Ram also received many honors in Q4 2010. In December, Ram’s heavy-duty trucks earned the 2010 Motorist Choice Award for the Active Lifestyle category from IntelliChoice and AutoPacific, and the Ram Heavy Duty earned a 2010 Vehicle Satisfaction Award in the Heavy Duty Pickup category. Off-Road Adventures magazine selected Ram as Manufacturer of the Year and Automobile magazine named the Ram 1500 to its annual list of All-Stars for the second consecutive year. The Ram 1500 remains the most awarded Ram ever. As the new year began, Chrysler Group announced that the Chrysler Town & Country minivan was the top-selling minivan in the U.S. for 2010, and, for the tenth straight year, Polk gave the Town & Country the "Automotive Loyalty Award" in the Minivan Category. Polk also selected the Dodge Challenger for a loyalty award in the Sports Car category.
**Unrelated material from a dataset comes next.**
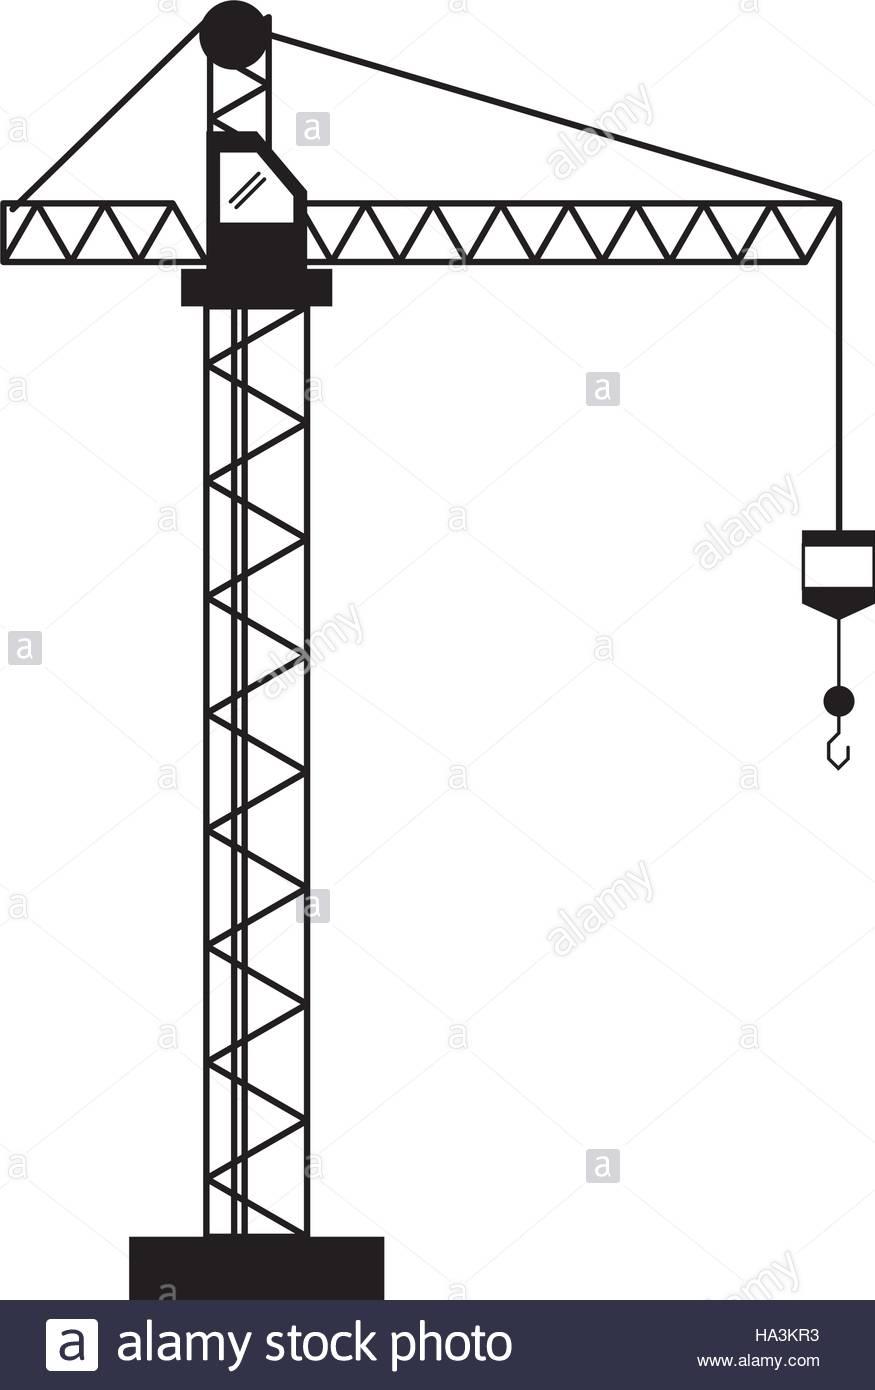 875x1390 Crane Hook Construction Machine Pictogram Stock Vector Art

Production of the Fiat 500 began at the Toluca, Mexico Assembly Plant, in Q4 2010, marking the brand’s return to U.S. and Canada after a 27 year absence. The company has appointed the first 130 of an eventual 165 Fiat dealers in the U.S. and appointed 64 dealers in Canada. Those appointed are in the process of preparing their new facilities for the arrival of the Fiat 500, and will open throughout the first three quarters of this year. The 2012 MY Fiat 500 was revealed at the Los Angeles and Montreal International Auto Shows.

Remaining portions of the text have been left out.